Spaces:

chendl
/

multimodal

Runtime error

multimodal / transformers /tests /mixed_int8 /README.md

add transformers

455a40f over 1 year ago

4.16 kB

	# Testing mixed int8 quantization

	![HFxbitsandbytes.png](https://s3.amazonaws.com/moonup/production/uploads/1660567705337-62441d1d9fdefb55a0b7d12c.png)

	The following is the recipe on how to effectively debug `bitsandbytes` integration on Hugging Face `transformers`.

	## Library requirements

	+ `transformers>=4.22.0`
	+ `accelerate>=0.12.0`
	+ `bitsandbytes>=0.31.5`.
	## Hardware requirements

	The following instructions are tested with 2 NVIDIA-Tesla T4 GPUs. To run successfully `bitsandbytes` you would need a 8-bit core tensor supported GPU. Note that Turing, Ampere or newer architectures - e.g. T4, RTX20s RTX30s, A40-A100, A6000 should be supported.

	## Virutal envs

	```bash
	conda create --name int8-testing python==3.8
	pip install bitsandbytes>=0.31.5
	pip install accelerate>=0.12.0
	pip install transformers>=4.23.0
	```
	if `transformers>=4.23.0` is not released yet, then use:
	```
	pip install git+https://github.com/huggingface/transformers.git
	```

	## Troubleshooting

	A list of common errors:

	### Torch does not correctly do the operations on GPU

	First check that:

	```py
	import torch

	vec = torch.randn(1, 2, 3).to(0)
	```

	Works without any error. If not, install torch using `conda` like:

	```bash
	conda create --name int8-testing python==3.8
	conda install pytorch torchvision torchaudio cudatoolkit=11.6 -c pytorch -c conda-forge
	pip install bitsandbytes>=0.31.5
	pip install accelerate>=0.12.0
	pip install transformers>=4.23.0
	```
	For the latest pytorch instructions please see [this](https://pytorch.org/get-started/locally/)

	and the snippet above should work.

	### ` bitsandbytes operations are not supported under CPU!`

	This happens when some Linear weights are set to the CPU when using `accelerate`. Please check carefully `model.hf_device_map` and make sure that there is no `Linear` module that is assigned to CPU. It is fine to have the last module (usually the Lm_head) set on CPU.

	### `To use the type as a Parameter, please correct the detach() semantics defined by __torch_dispatch__() implementation.`

	Use the latest version of `accelerate` with a command such as: `pip install -U accelerate` and the problem should be solved.

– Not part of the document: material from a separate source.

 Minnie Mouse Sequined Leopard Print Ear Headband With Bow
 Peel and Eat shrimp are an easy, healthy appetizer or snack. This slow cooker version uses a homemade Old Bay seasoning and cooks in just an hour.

	### `Parameter has no attribue .CB`

	Same solution as above.

	### `RuntimeError: CUDA error: an illegal memory access was encountered ... consider passing CUDA_LAUNCH_BLOCKING=1`

	Run your script by pre-pending `CUDA_LAUNCH_BLOCKING=1` and you should observe an error as described in the next section.

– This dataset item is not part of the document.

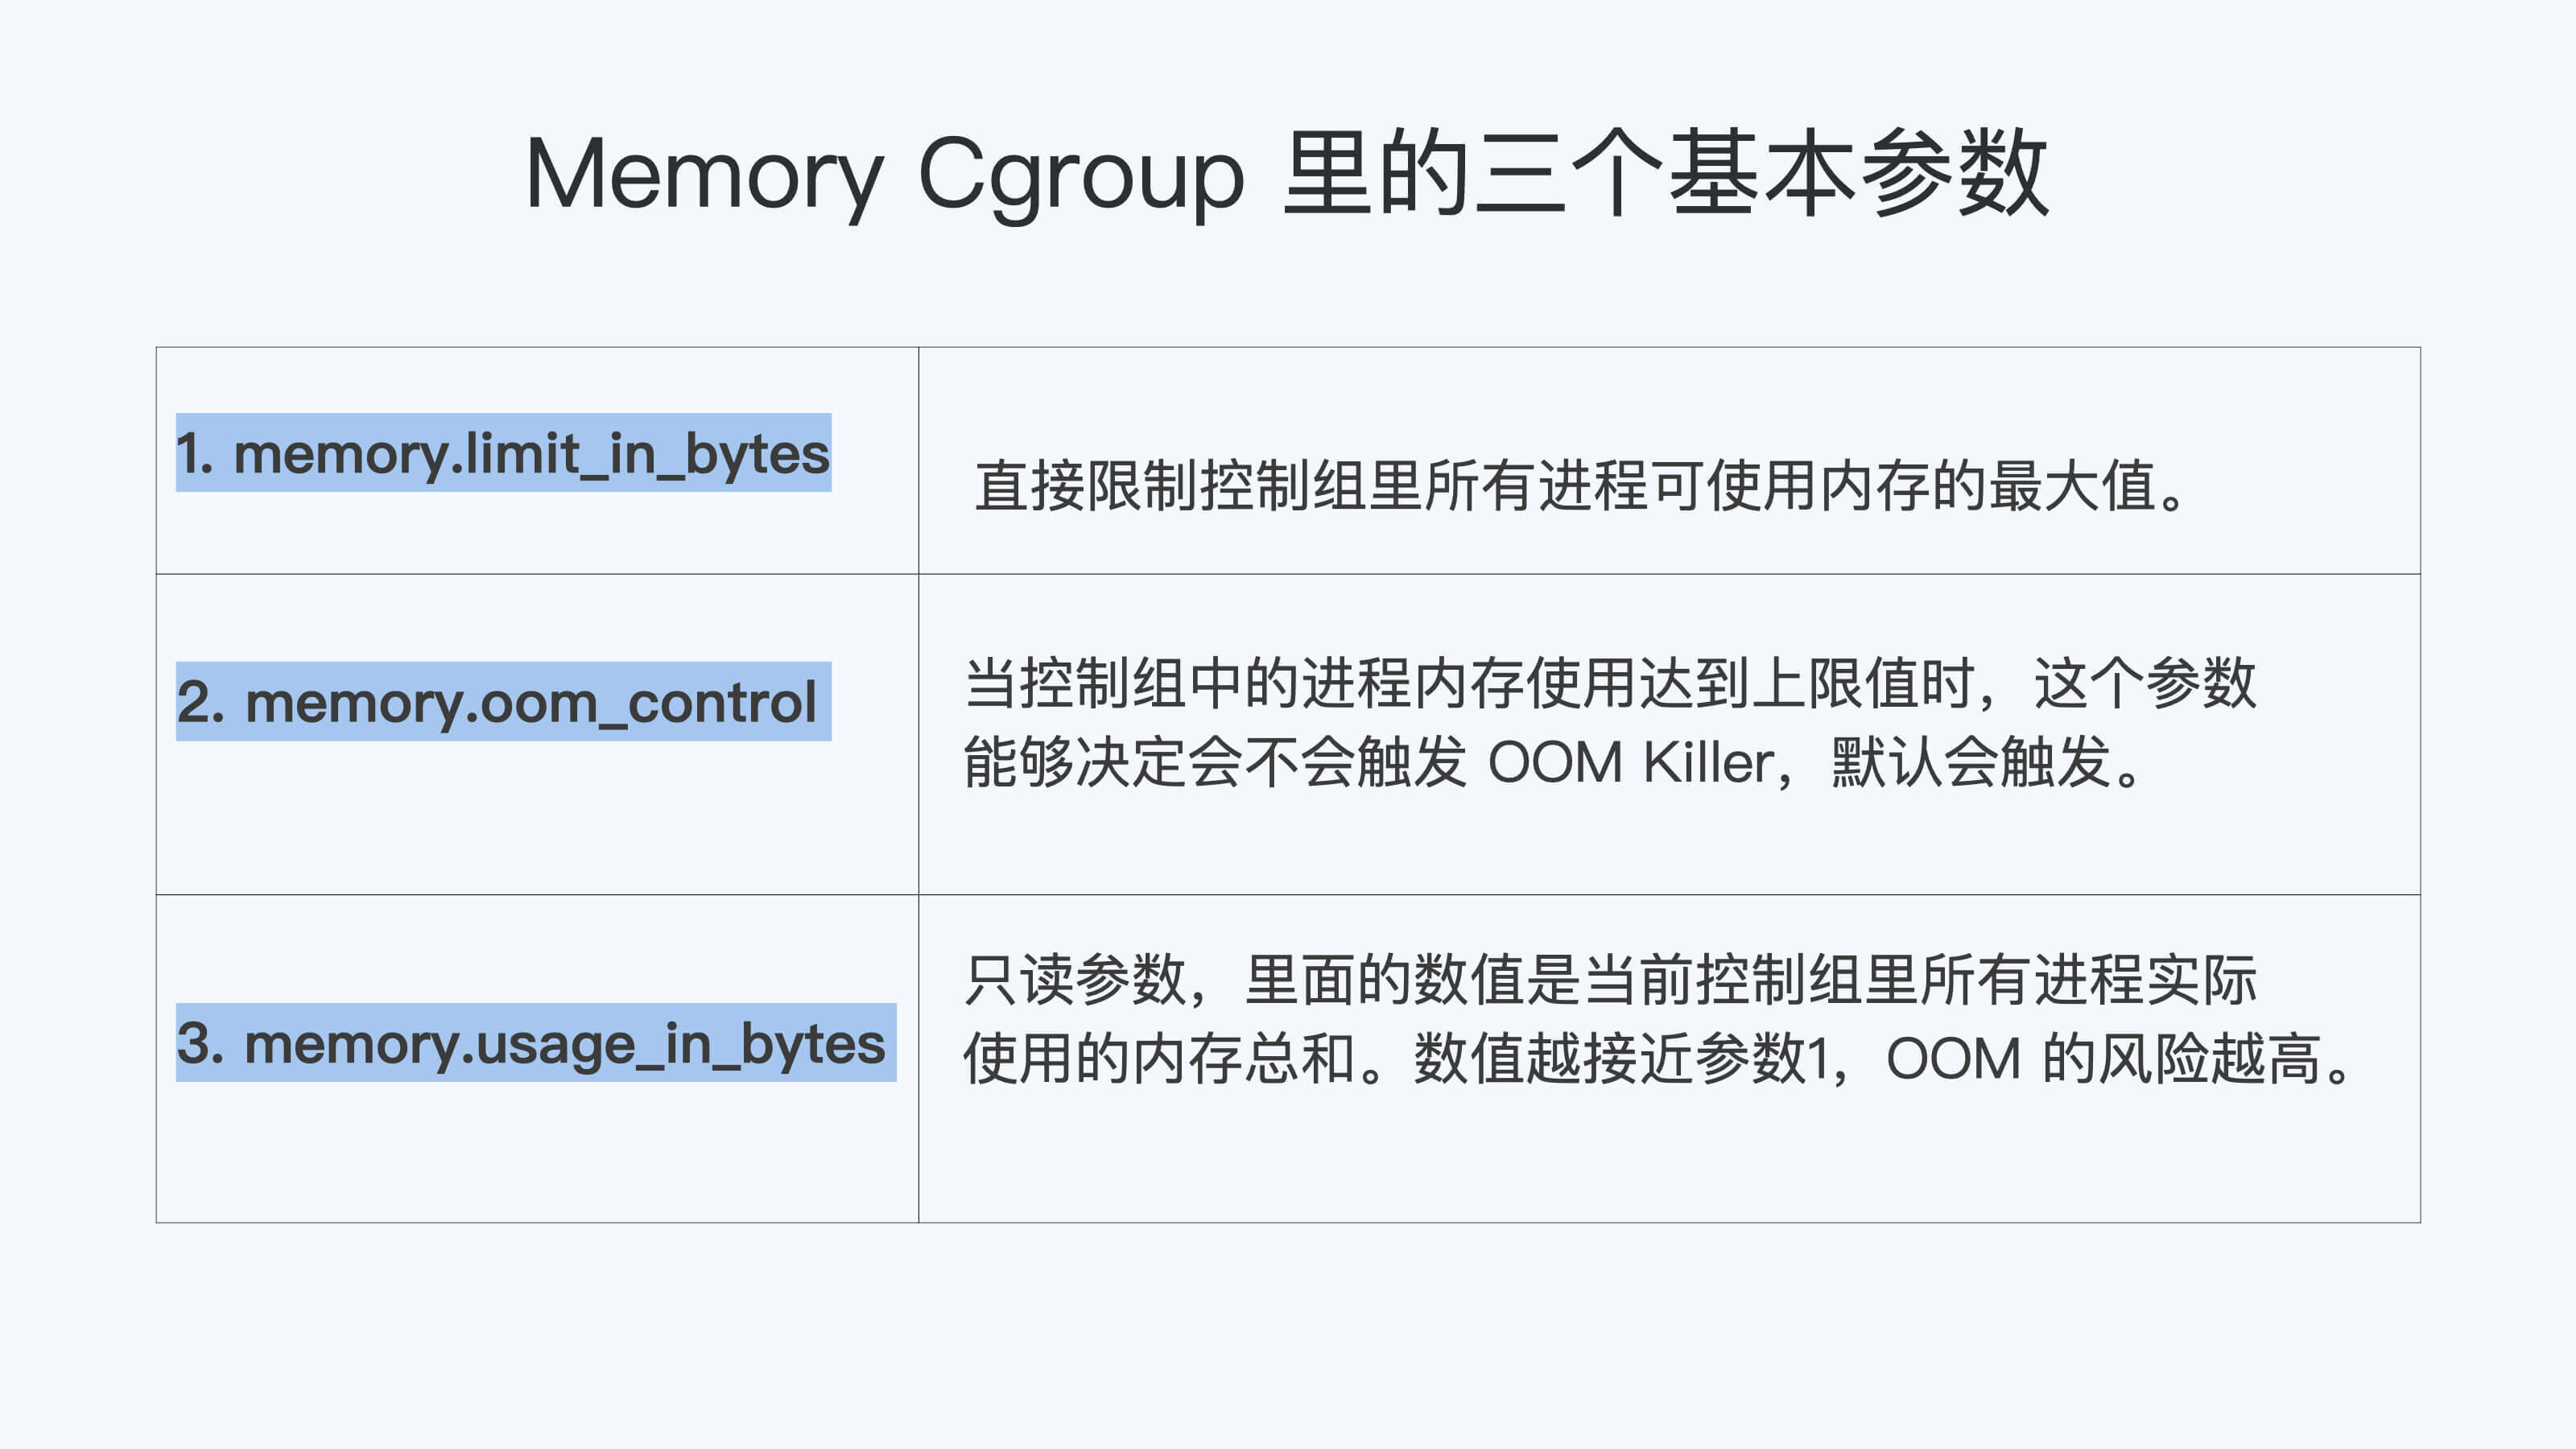 https://img.zhaoweiguo.com/knowledge/images/linuxs/kernels/memory1.jpeg

	### `CUDA illegal memory error: an illegal memory access at line...`:

	Check the CUDA verisons with:
	```
	nvcc --version
	```
	and confirm it is the same version as the one detected by `bitsandbytes`. If not, run:
	```
	ls -l $CONDA_PREFIX/lib/libcudart.so
	```
	or
	```
	ls -l $LD_LIBRARY_PATH
	```
	Check if `libcudart.so` has a correct symlink that is set. Sometimes `nvcc` detects the correct CUDA version but `bitsandbytes` doesn't. You have to make sure that the symlink that is set for the file `libcudart.so` is redirected to the correct CUDA file.

	Here is an example of a badly configured CUDA installation:

	`nvcc --version` gives:

	![Screenshot 2022-08-15 at 15.12.23.png](https://s3.amazonaws.com/moonup/production/uploads/1660569220888-62441d1d9fdefb55a0b7d12c.png)

	which means that the detected CUDA version is 11.3 but `bitsandbytes` outputs:

	![image.png](https://s3.amazonaws.com/moonup/production/uploads/1660569284243-62441d1d9fdefb55a0b7d12c.png)

	First check:

	```bash
	echo $LD_LIBRARY_PATH
	```

	If this contains multiple paths separated by `:`. Then you have to make sure that the correct CUDA version is set. By doing:

	```bash
	ls -l $path/libcudart.so
	```

	On each path (`$path`) separated by `:`.
	If not, simply run
	```bash
	ls -l $LD_LIBRARY_PATH/libcudart.so
	```

	and you can see

	![Screenshot 2022-08-15 at 15.12.33.png](https://s3.amazonaws.com/moonup/production/uploads/1660569176504-62441d1d9fdefb55a0b7d12c.png)

	If you see that the file is linked to the wrong CUDA version (here 10.2), find the correct location for `libcudart.so` (`find --name libcudart.so`) and replace the environment variable `LD_LIBRARY_PATH` with the one containing the correct `libcudart.so` file.